Immigration history was derived from measures of immigrant generation and duration of residence in the US. Self-reported origin of birth information for the SALSA participant and their parent was used to define immigrant generation. Participants were classified as: first generation Mexican-origin immigrant if they were foreign-born; second generation if they were US-born with at least one foreign-born parent; and third generation or higher if the participant and their parents were US-born. Second and third generation immigrants have been shown to have disparate risk of disease and exposure to social mobility; therefore, categorized separately (Afable-Munsuz et al., 2013; Haan et al., 2011). First generation Mexican-origin immigrants were further classified according to their duration of residence in the US: <15 years and ≥15 years (Creighton et al., 2012). This information was combined to create four categories of immigration history: 1) 1st generation residing in the US <15 years; 2) 1st generation residing in the US ≥15 years; 3) 2nd generation; and 4) 3rd generation or higher (≥3rd generation).

Inflammatory markers

Several biomarkers related to inflammation were examined in this study, including IL-6, sTNF-R1, sTNF-R2, CRP, leptin, and adiponectin. IL-6 is a pro-inflammatory cytokine that contributes to the development of coronary artery disease and type 2 diabetes independently (Danesh et al., 2008; Liu et al., 2016). CRP is a marker of low-grade inflammation and shown to play a role in the pathogenesis of atherosclerotic lesions in humans (Blake & Ridker, 2002). Leptin and adiponectin are adipocytokines with pro-inflammatory and anti-inflammatory properties, respectively, and have been shown to predict risk of cardiovascular disease and cancer (Iikuni et al., 2008; Ouchi & Walsh, 2007). Concentrations of soluble forms of receptor-bound TNF-alpha (sTNF-R1 and sTNF-R2) were examined as they have been shown to moderate the biological effects of TNF-α and can be measured with greater sensitivity and reliability than TNF-α (Aderka, 1996; Diez-Ruiz et al., 1995).

Venous blood samples were taken at baseline during home visits and stored at −70 °C. IL-6, sTNF-R1, and sTNF-R2 were assessed using the quantitative sandwich enzyme immunoassay technique (R&D Systems). High-sensitivity CRP was assessed using the CRP Ultra-Wide Range Reagent Kit, a latex-enhanced turbidimetric in-vitro immunoassay was used to assess high sensitivity CRP. Leptin and adiponectin were assessed using the radioimmunoassay kit (Linco Research Inc).

Other covariates

At baseline, demographic, social, behavioral, and health-related factors included in our study were collected from self-report, including age, gender, income level, education attainment, acculturation, physical activity, any alcohol consumption, any smoking, cancer, cardiovascular disease, and self-reported health. Age was self-reported and examined continuously. Gross household income for the last month was collected as: <$1000, $1000-$1499, $1500-$1999, $2000-$2499, and ≥$2500. We dichotomized household income as <$1000 vs. ≥$1000. Participants self-reported their highest number of years of education. Acculturation was derived from the Acculturation Rating Scale for Mexican Americans (ARSMA-II) where higher scores denote greater affinity to Anglo culture (Cuellar et al., 1995).
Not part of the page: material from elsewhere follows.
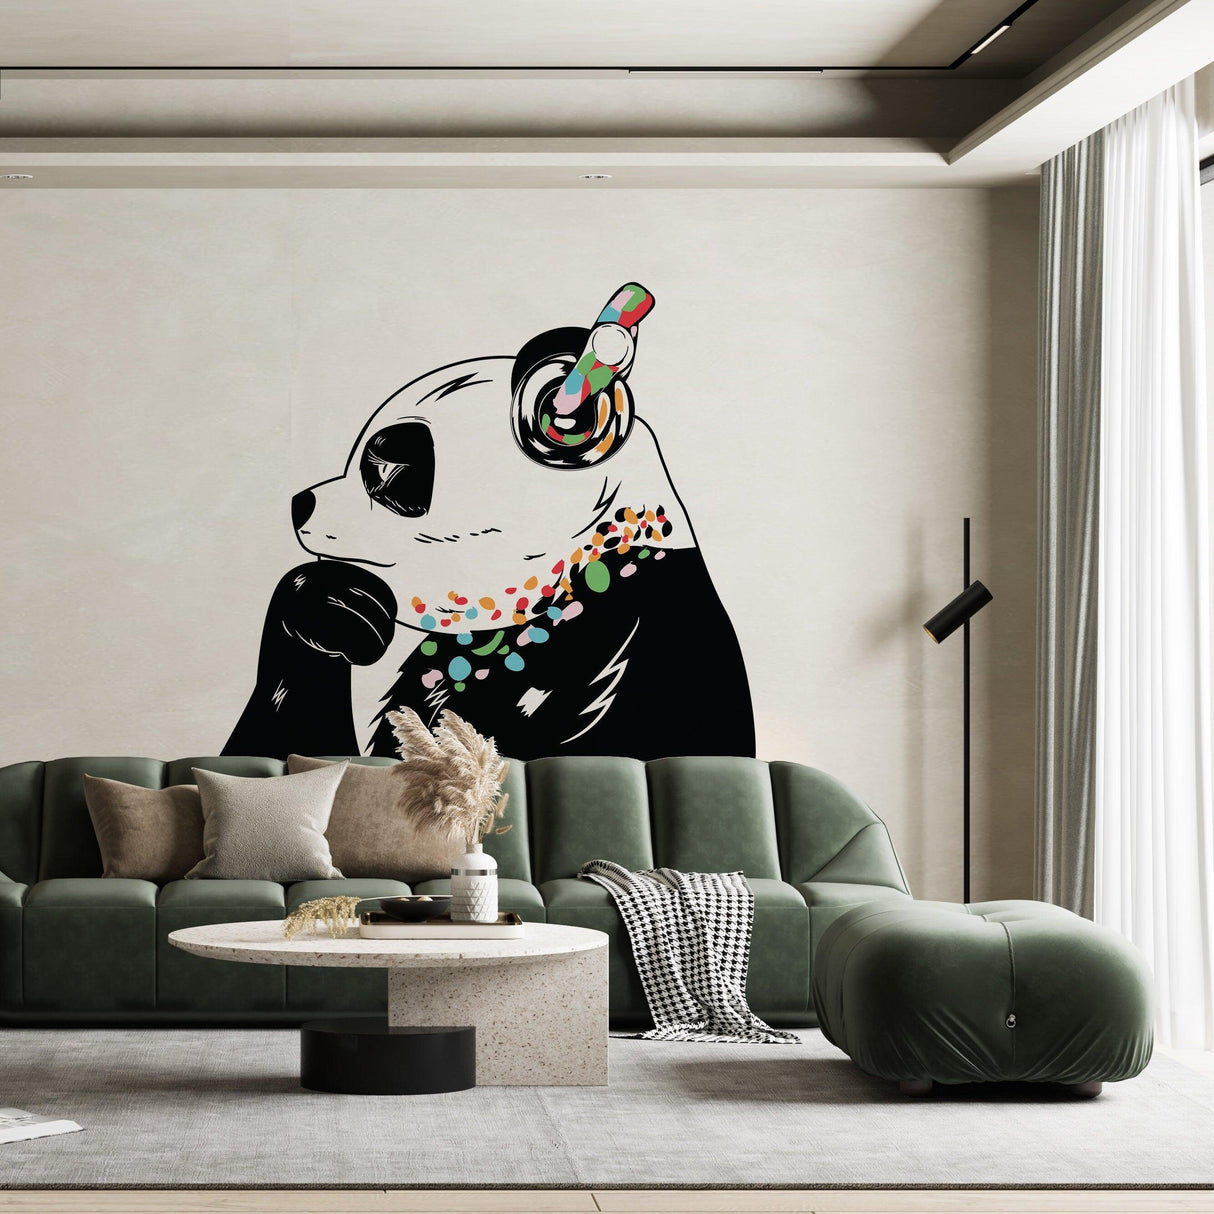 Thinking Panda Sticker - Inspired by Banksy Art Vinyl Dj Baksy Wall Decal - Headphones Pandas Bear Music Thinker Street Graffiti Smart Mural - Decords

Participants were asked, “How many hours per week do you spend on each of the following activities?” This included a list of 17 different activities (e.g. garden or yardwork, house repairs, walks, jog, bike ride, swim, or work out exercise, dance, light housework, heavy housework, etc.), which was used to calculate the number of hours per week the participant was physically active. Any alcohol consumption was collected from participants who were asked, “Do you ever drink [beer, wine, hard liquor]? Responses were then classified as ever vs. never drinkers of any alcohol. Smoking status was collected from participant responses to their smoking status: never smoked, former smoker, vs. current smoker. Because the prevalence of current smokers was only 10% in our sample, we collapsed this variable into two categories: never vs. ever smoked. Cardiovascular disease was self-reported at baseline. Diabetes was based on self-reported physician diagnosis, current use of diabetes medication, and/or a fasting glucose level ≥126 μg/dL. Participants self-reported their health status as excellent, very good, good, fair, or poor. Due to small proportion of participants who described their health as excellent or poor, we created a 3-level variable: excellent/very good, good, and fair/poor. Height in meters and weight in kilograms were measured by trained interviewers, which was used to classify body mass index (BMI) as normal (<25.0 kg/m2), overweight (25.0-29.9 kg/m2), and obese (≥30.0 kg/m2).

Statistical analysis

First, distributions of select baseline sociodemographic, lifestyle, and health characteristics by immigration history were compared using analysis of variance (ANOVA) for continuous variables and chi-square (χ2) for categorical variables. Because of skewed distributions, the inflammatory markers were natural log-transformed. Second, age- and sex-adjusted geometric mean inflammation levels were obtained using linear regression models and differences from 1st generation Mexican-origin immigrants with less than 15 years of US residence (the referent category) were estimated.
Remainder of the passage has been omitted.